■ **What you need to do**
Once the line containing "Checkered Men Swim" is found in the material below, it and every line after it should be transcribed exactly, with pictures left out and nothing added.

■ **Given information**
%%
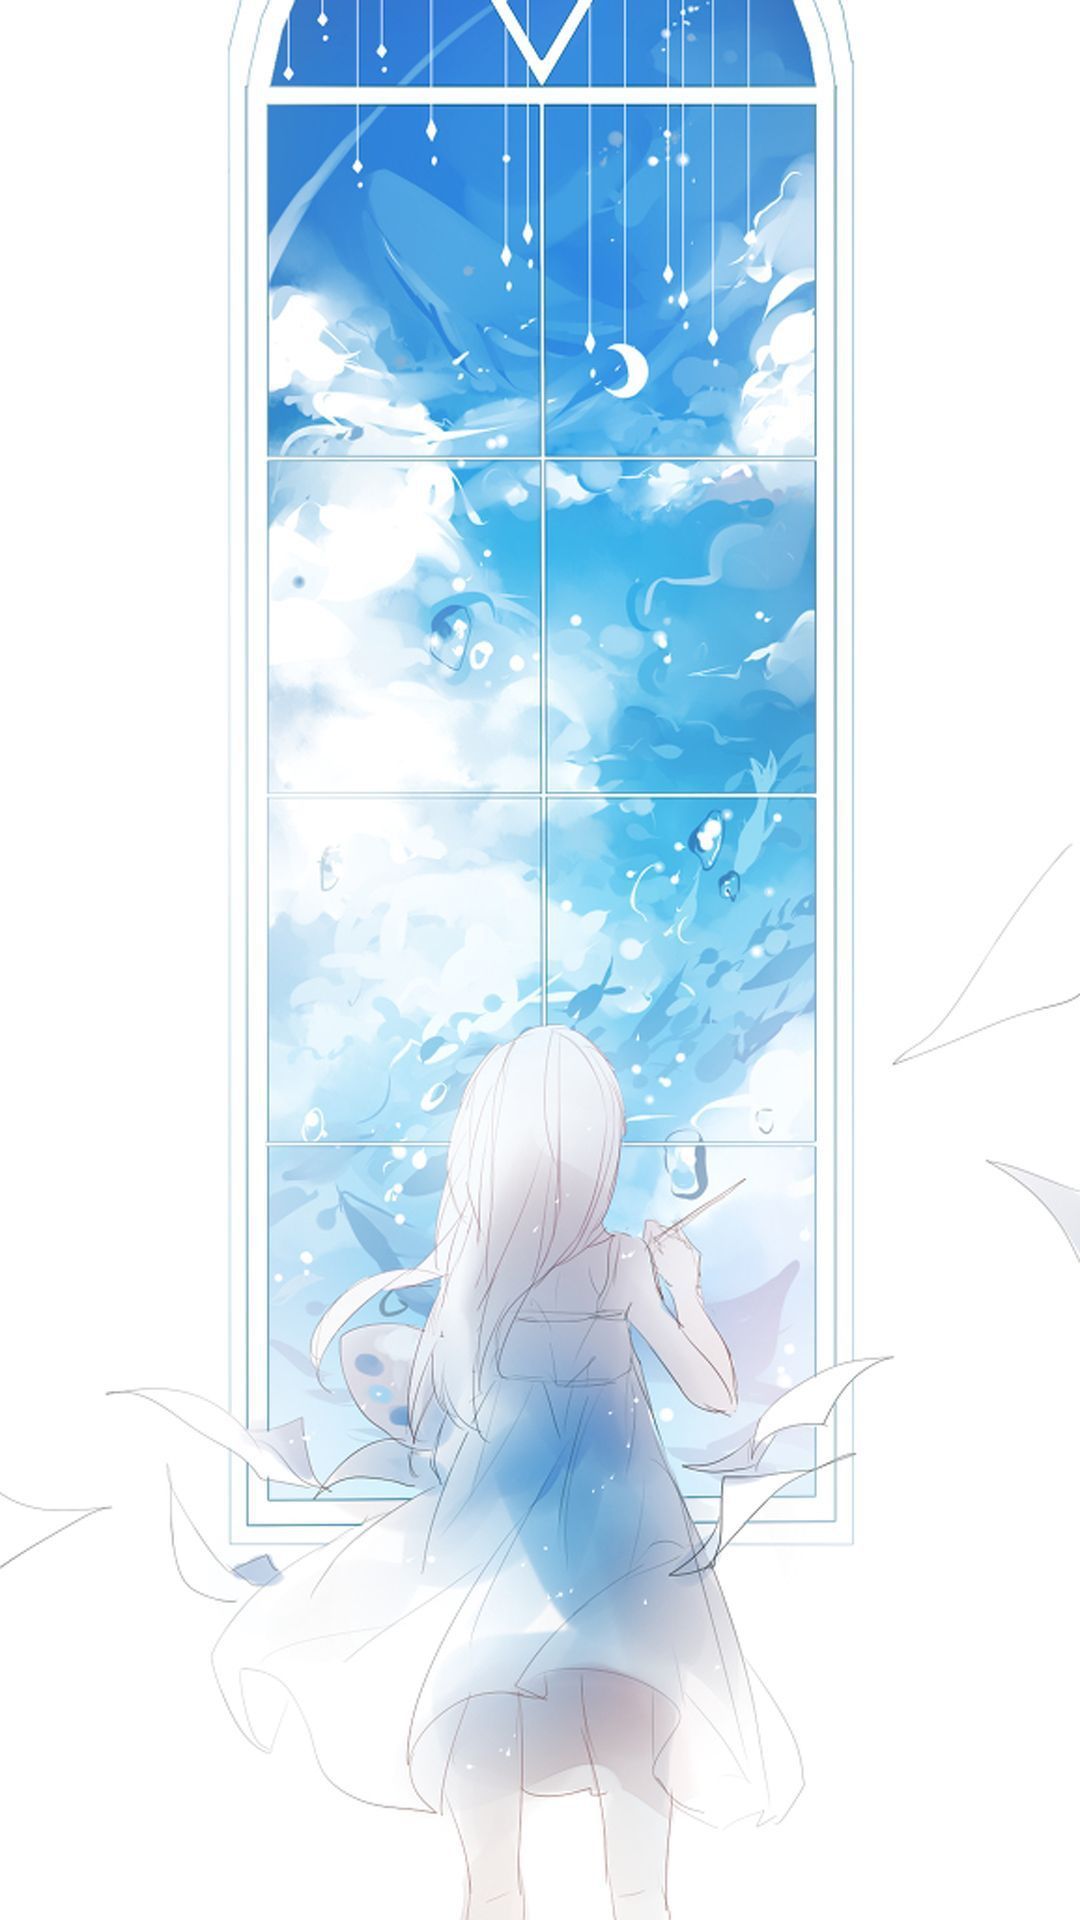 Dream in window. Anime wallpaper, Blue .com
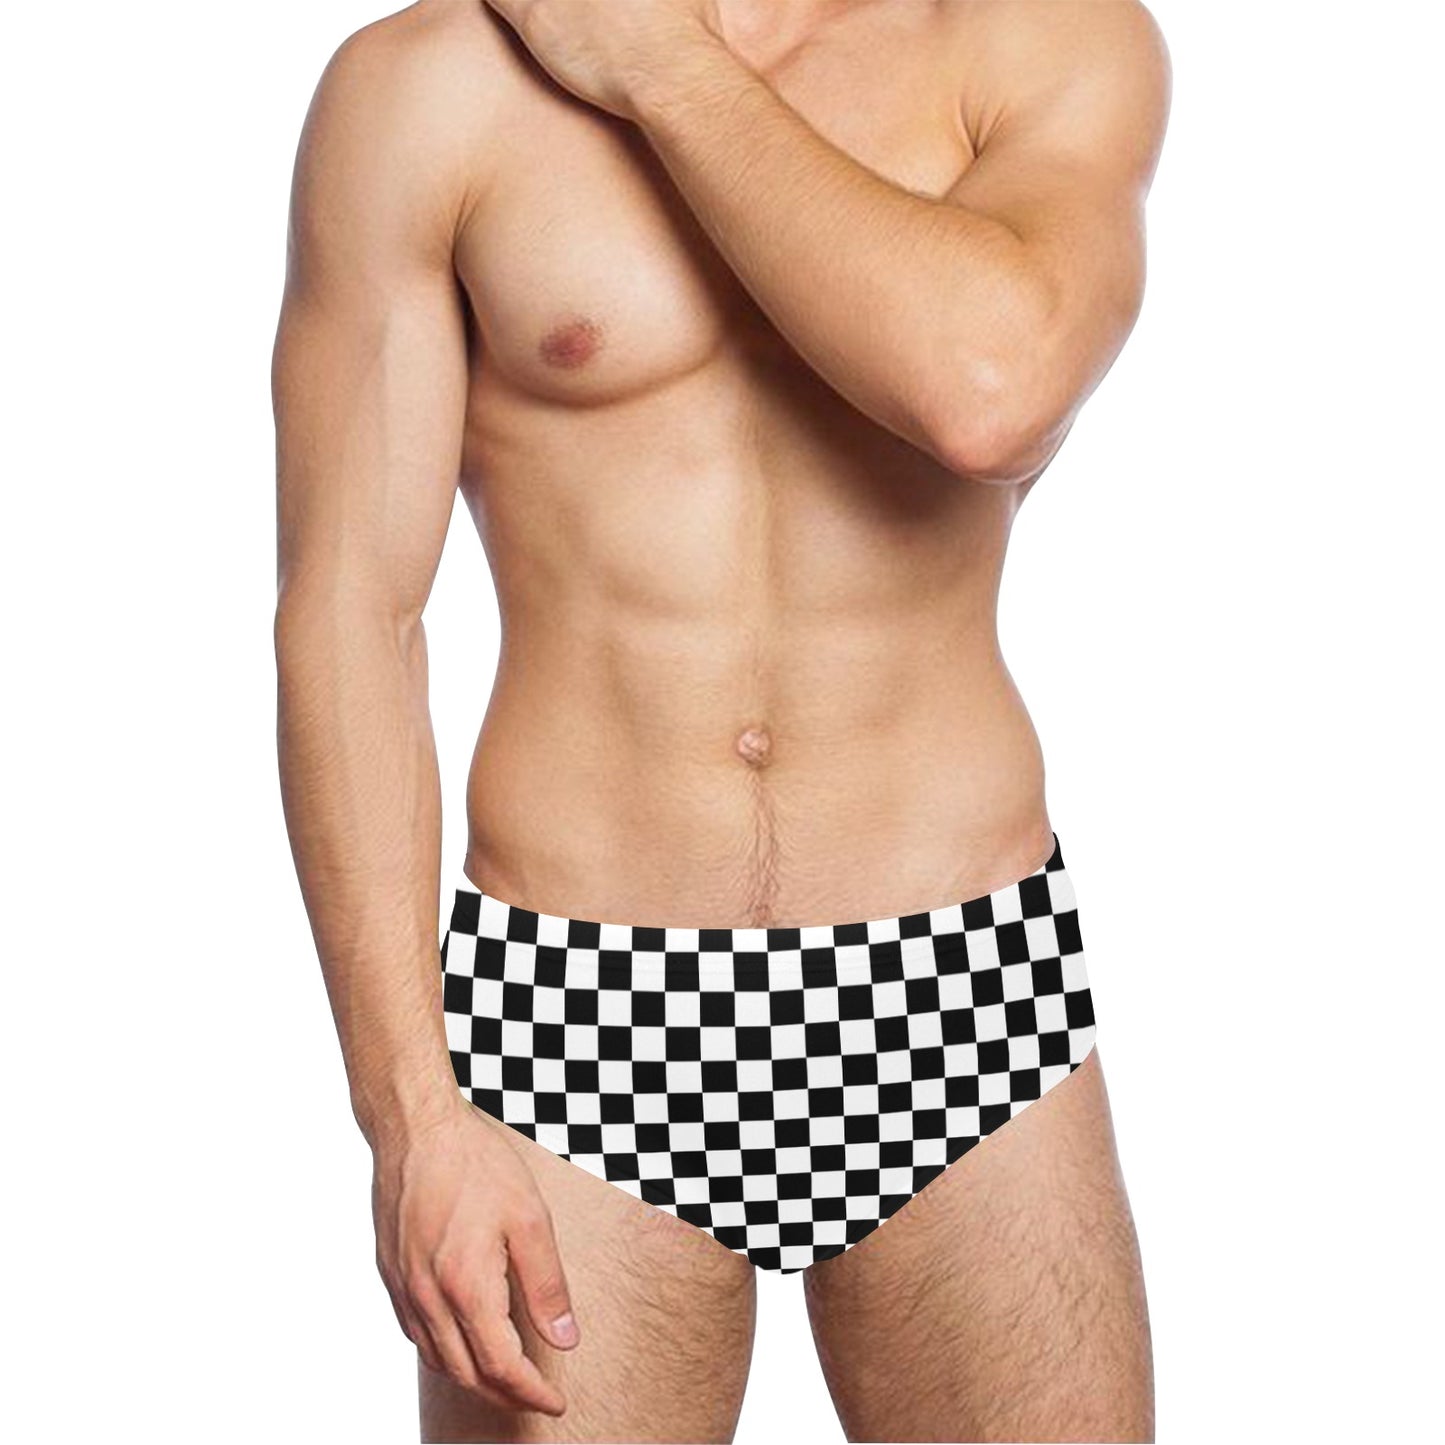 Checkered Men Swim Briefs, Black White Check Sexy 80s Swimwear Trunks Swimming Suit Swimsuit Low Rise Underwear Vintage Designer Bikini
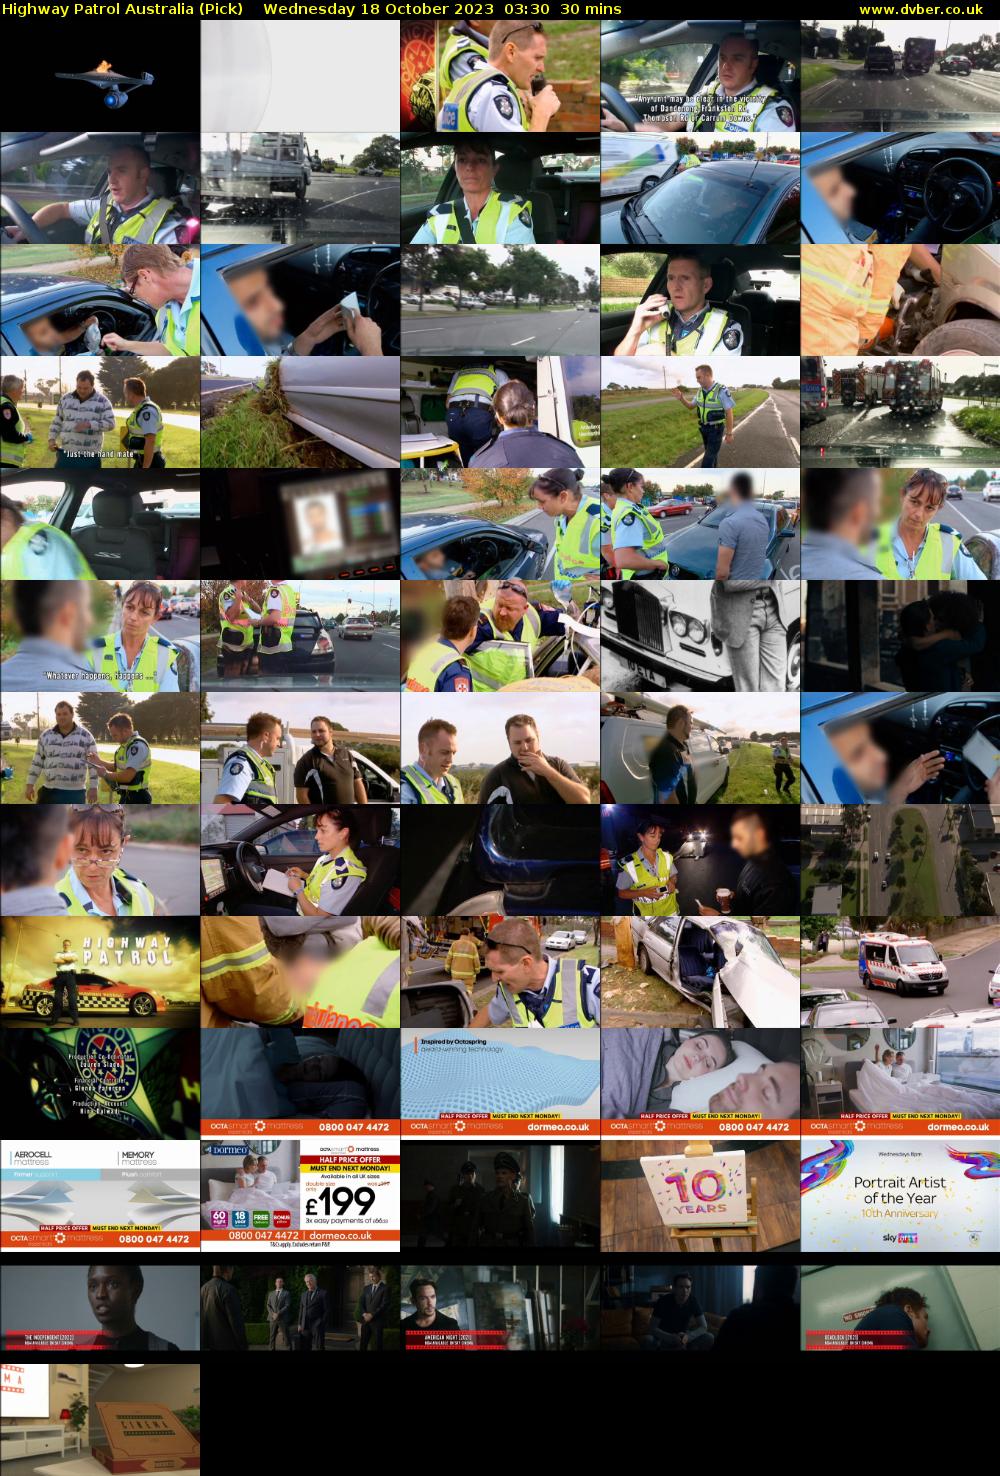 Highway Patrol Australia (Pick) Wednesday 18 October 2023 03:30 - 04:00
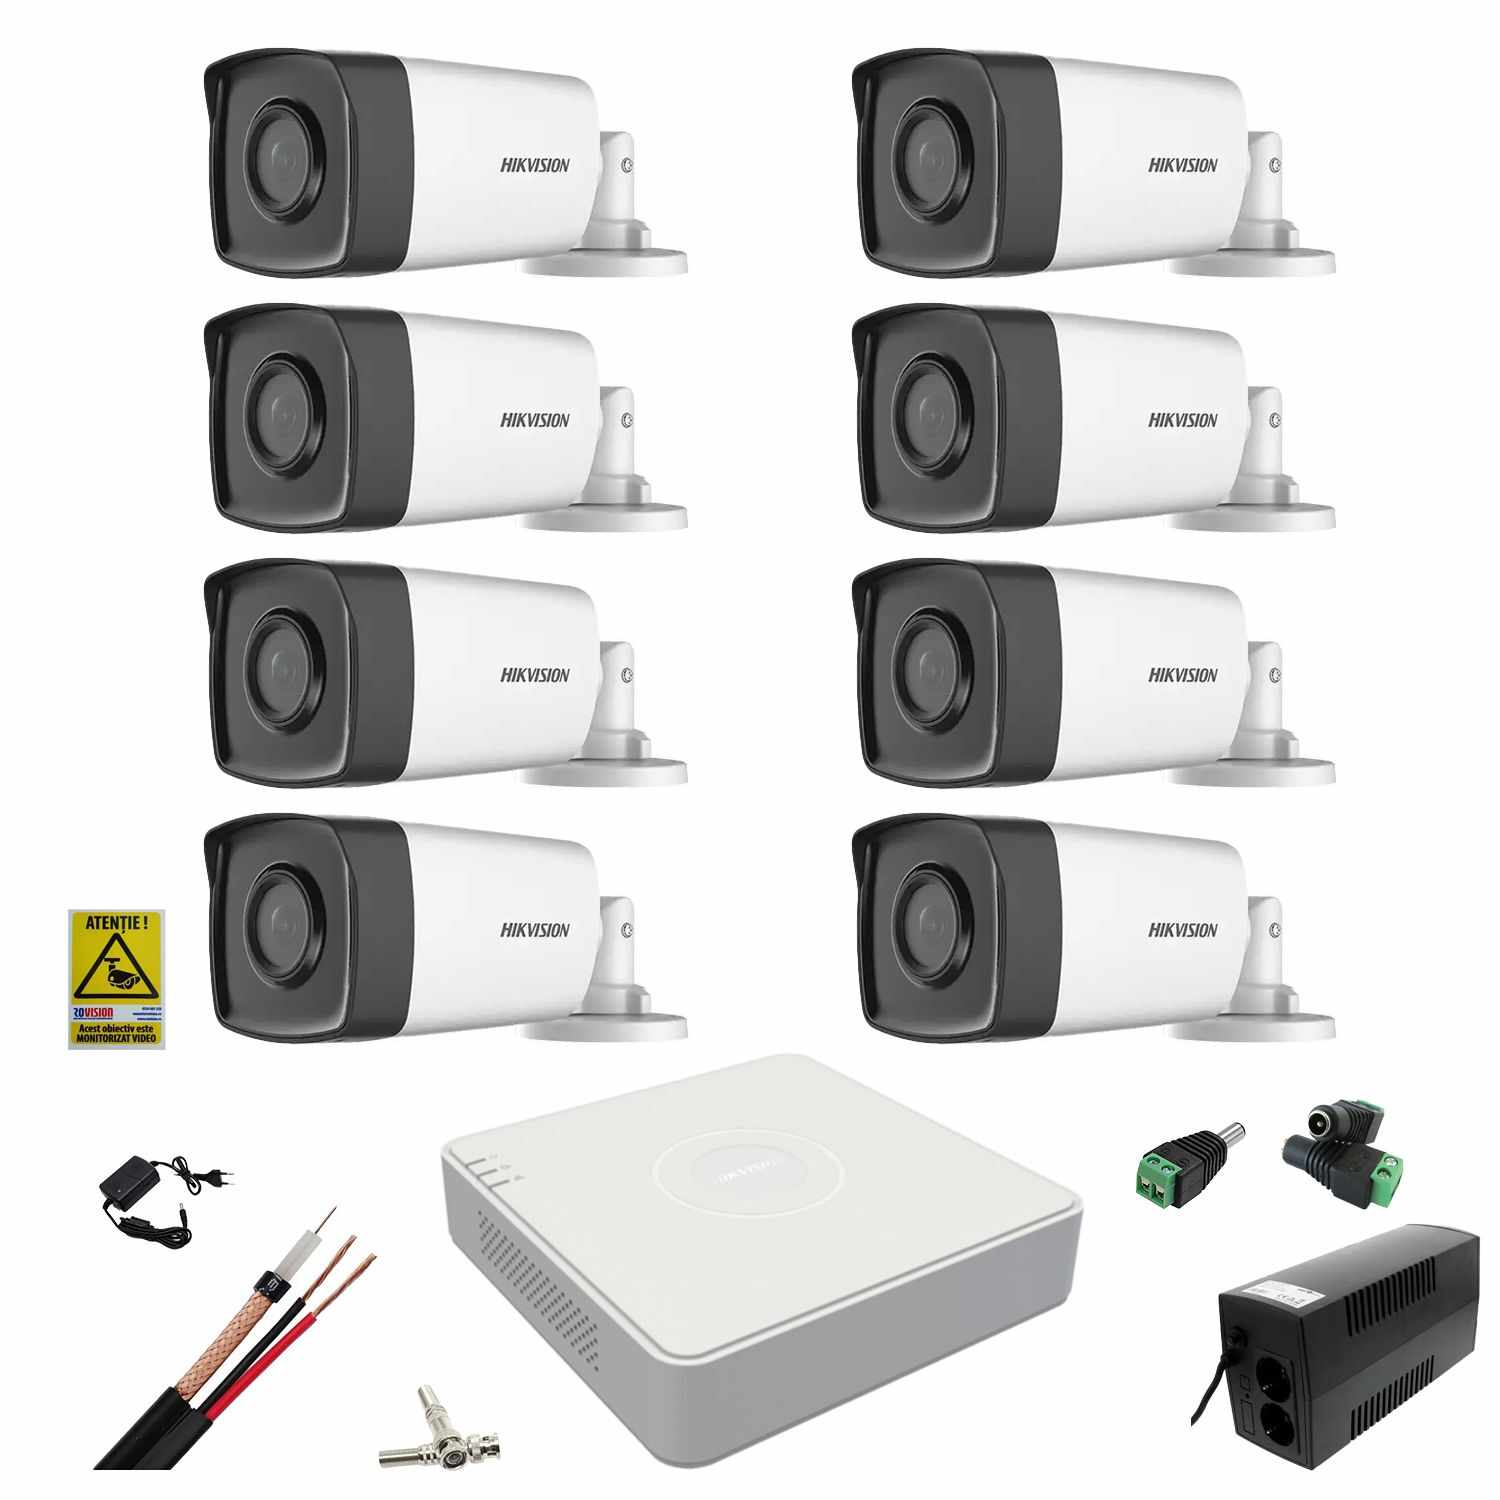 Sistem supraveghere video Hikvision 8 camere 2MP 3.6mm IR 80m, DVR 8 canale 1080N, accesorii, UPS cu baterie 360W
%%
■ **The answer**
 Checkered Men Swim Briefs, Black White Check Sexy 80s Swimwear Trunks Swimming Suit Swimsuit Low Rise Underwear Vintage Designer Bikini
 Highway Patrol Australia (Pick) Wednesday 18 October 2023 03:30 - 04:00
 Sistem supraveghere video Hikvision 8 camere 2MP 3.6mm IR 80m, DVR 8 canale 1080N, accesorii, UPS cu baterie 360W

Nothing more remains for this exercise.